There are several reasons for this. One is the fact that my family happens to be travelling to the state where my fiance lives, and where the priest who we would like to perform our ceremony is, this summer and we would like to piggyback on that — but that is sooner then we would like to plan a full wedding. Furthermore, I have always wanted a beach destination wedding so that I can be relaxed and spend more time with the guests who are close enough to me to travel for me (I don’t like big crowds and all eyes on me). Any thoughts or guidance? I also need to figure out how to announce the destination plan to everyone.
Post # 2
I just want to make sure I understand correctly – small, immediate family church wedding at home, and then reception a few months later at a destination? Right?

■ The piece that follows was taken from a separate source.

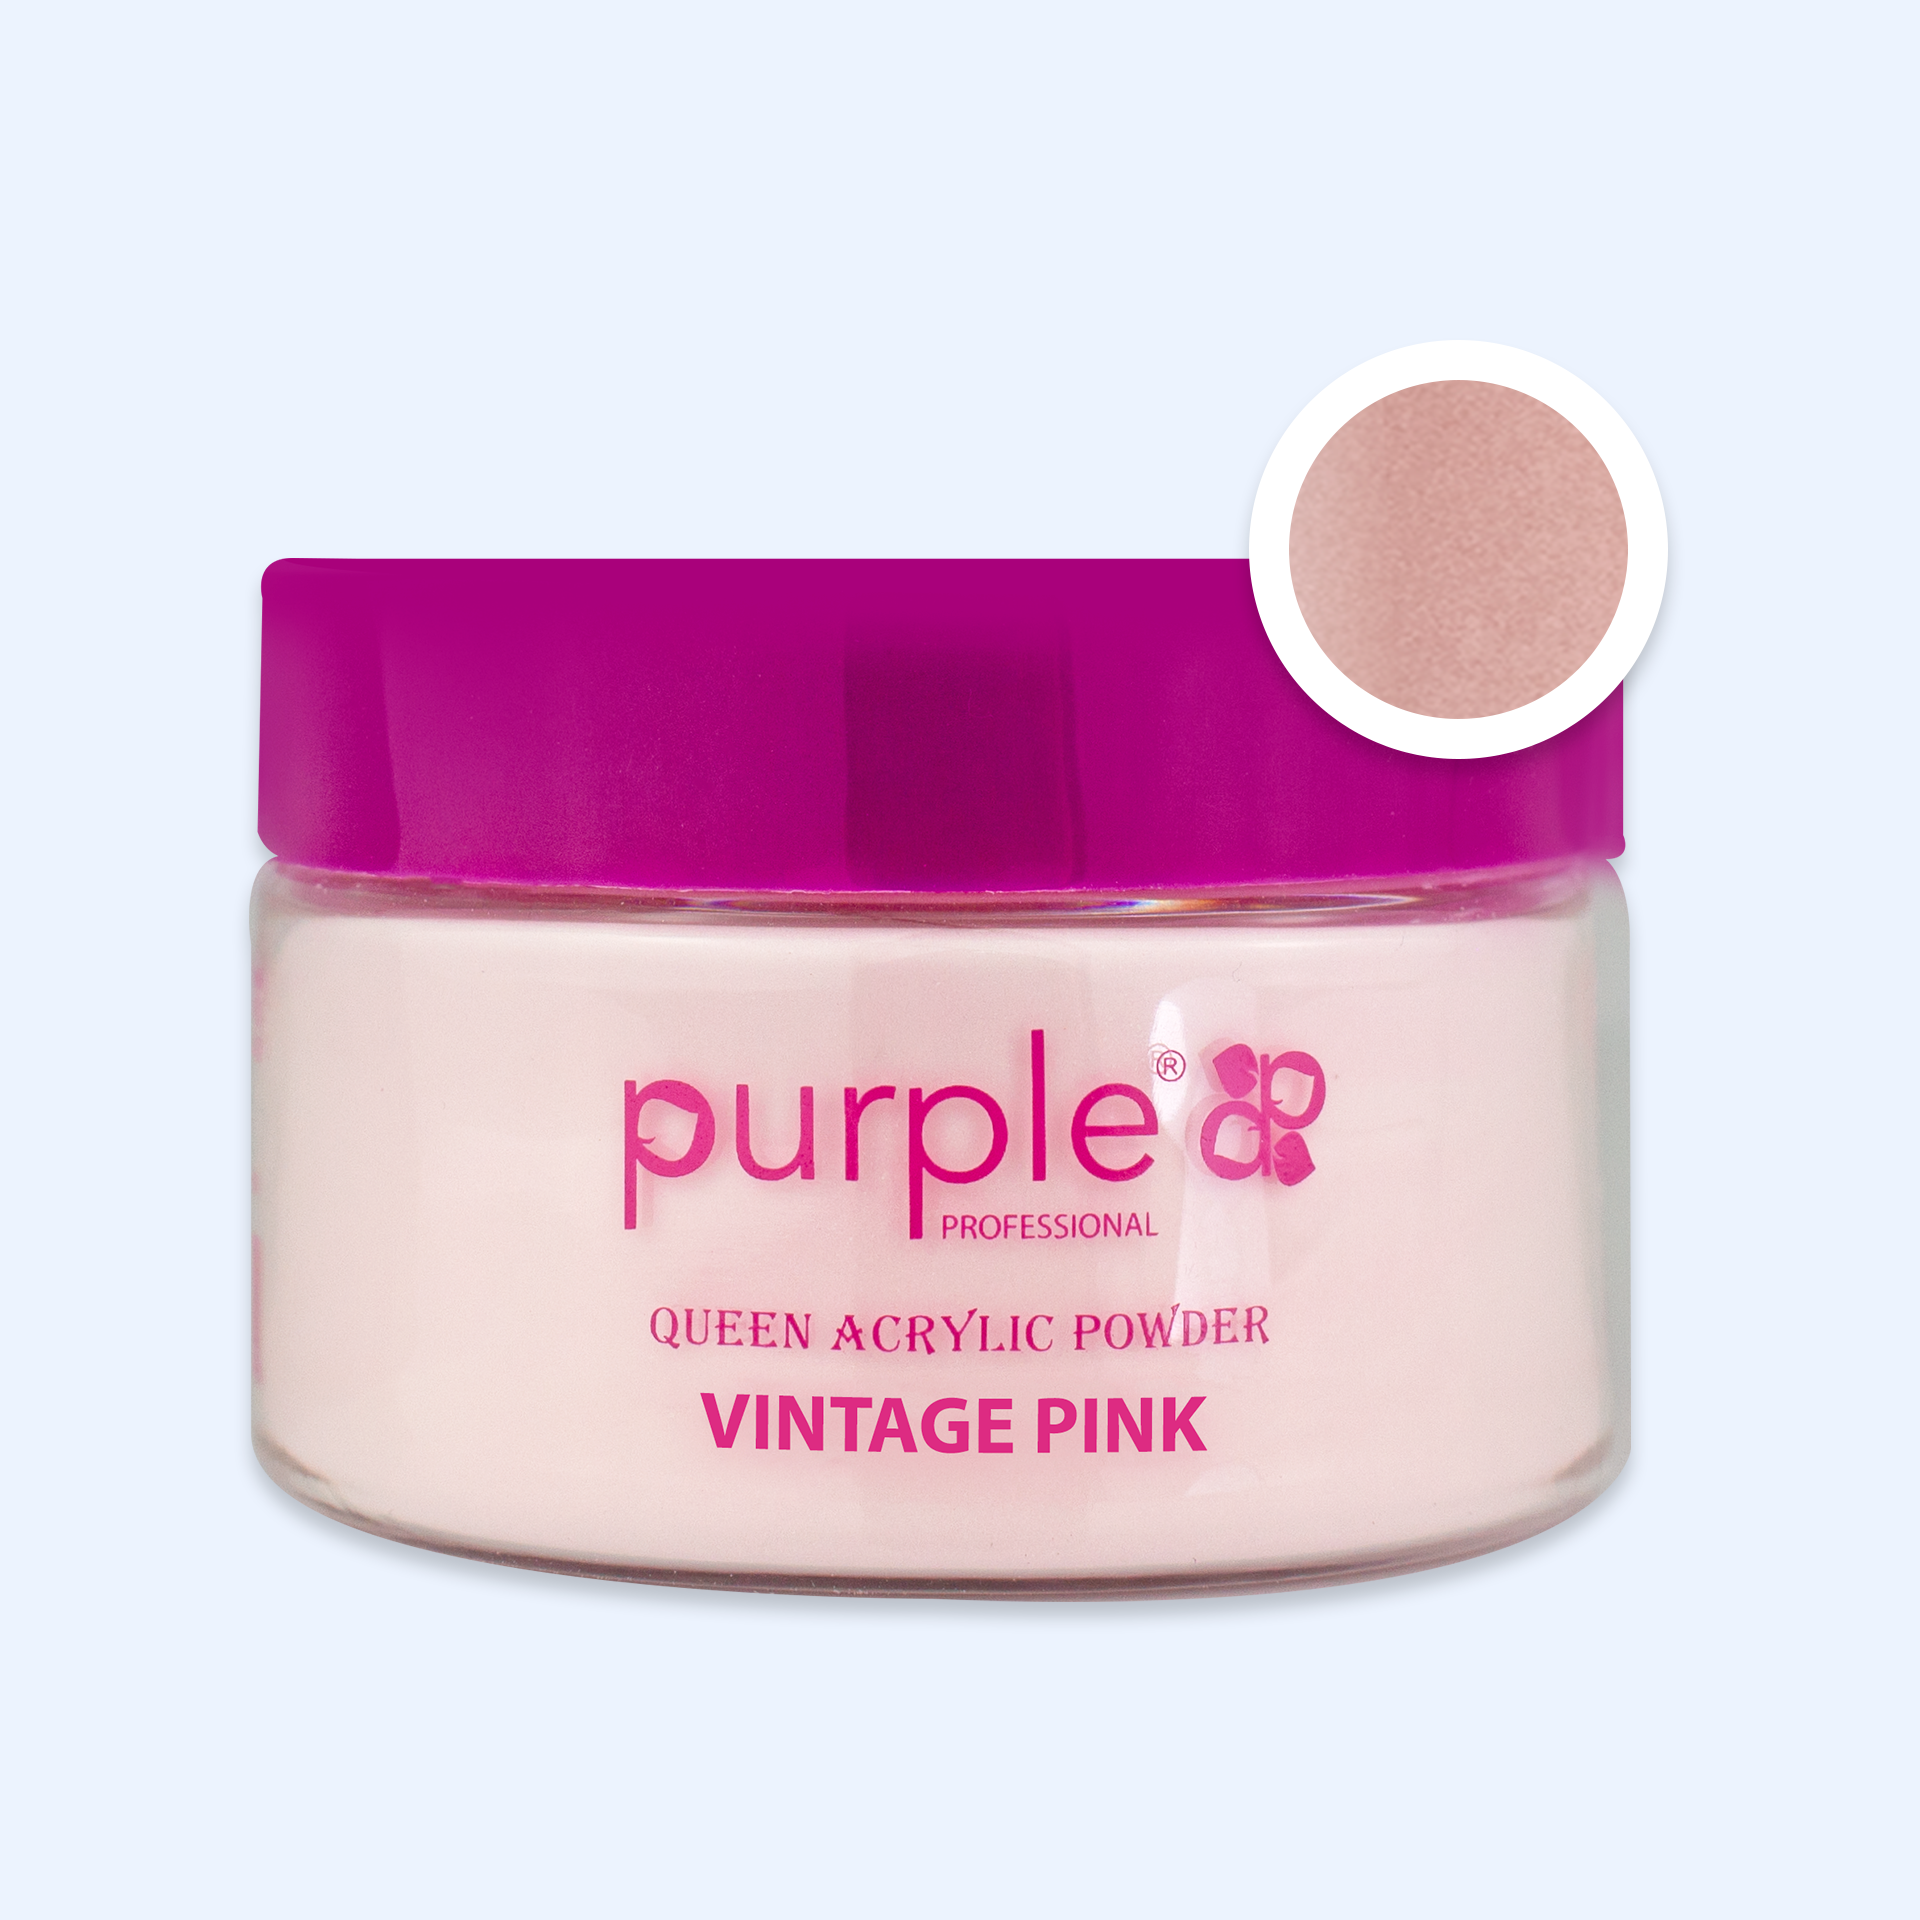 Queen Acrylic Powder Vintage Pink

Personally, I wouldn’t attend the destination reception because at that point I feel like I’m just going on a vacation and there is an party during it. Thats what you are asking, for them to go on vacation with you. Which is essentially what a Destination Wedding is, but with a ceremony. I think the ceremony is what would make a difference I most people’s eyes if they were on the fence in considering. People are selective on how they spend their vacation time and money, I probably wouldn’t spend mine on this even if you were an immediate family member or best friend. And FWIW, I was a Destination Wedding bride and had my wedding in Mexico.
Post # 3
- Wedding: Scotts ~ Walnut Creek
Yea no. Sounds like your suggesting a group vacation at a destination of your choosing which would not be worth my time, money or effort and seems really unnecessary. Since you don’t like eyes on you or crowds why not stick with the intimate church wedding then simply go out to dinner after and be done?
Post # 4
If it was somewhere I wanted to go/could get time off/reasonably priced i’d consider it, but I love a vacation. I wouldn’t have any qualms about declining otherwise though. I’d certainly make more of an effort for an actual wedding, but less so for a destination reception. You can’t guarantee that just because people are close to you they’ll want to travel for this.
Post # 5
I would go to a destination wedding for close family or friends if I was witnessing the ceremony. I wouldn’t travel somewhere for a party unless I just happened to want to go to that specific place anyway and could make a vacation out of it.
Post # 6
jessieom : “I have always wanted a beach destination wedding so that I can be relaxed and spend more time with the guests who are close enough to me to travel for me” — By “close enough to travel for you”, do you mean close enough to feel OBLIGATED to travel for you? That’s an entitled way to look at it. I would never think of anyone as “close enough to travel for me.” Someone’s ability to travel has more to do with their budget, their PTO, their work’s cycle of busy vs slow time, their kids’ school calendar, their kids’ soccer schedule, how many rounds of chemo their mom’s gonna need, whether their transmission decides this is the year to conk out, other vacations they’ve been planning for or waiting for an opportune time to plan for, a hundred other things going on in their life. I would never ask someon to travel for me or judge our relationship by whether they were both willing and able to travel for me, which is what “close enough to travel for me” sounds like. If they love you enough that they would feel obligated to, you should love them enough not to ask them to.
Post # 7
Not using limited work leave to go on a group vacation not of my choosing to not see someone get married. I can not see you get married for free at home and spend my vacation doing what I want when I want with whomever I want.
Post # 8
I’d also feel like this was more of a group vacation and that, as a guest, I’d be far more inclined to make the effort to travel if it were for the wedding itself. I like PP’s suggestion of sticking with the church ceremony and going to a dinner afterword. Considering your love of the beach, I’d say doing something beachy or tropical for your honeymoon, or to get an intimate group involved: suggesting it as a family or friend group vacation later on without tying it to your wedding?
Post # 9
“Come pay lots of money to travel to a party to celebrate the wedding I didn’t invite you to!” is what I hear when you say you want an “intimate wedding” and a “destination reception.” Nope.
Post # 10
I think the only way for this to work is if you’re paying for everyone’s flights and accommodations.
Post # 11
- Wedding: February 2018 - UK
I wouldn’t travel a large distance just to go to a party, sorry.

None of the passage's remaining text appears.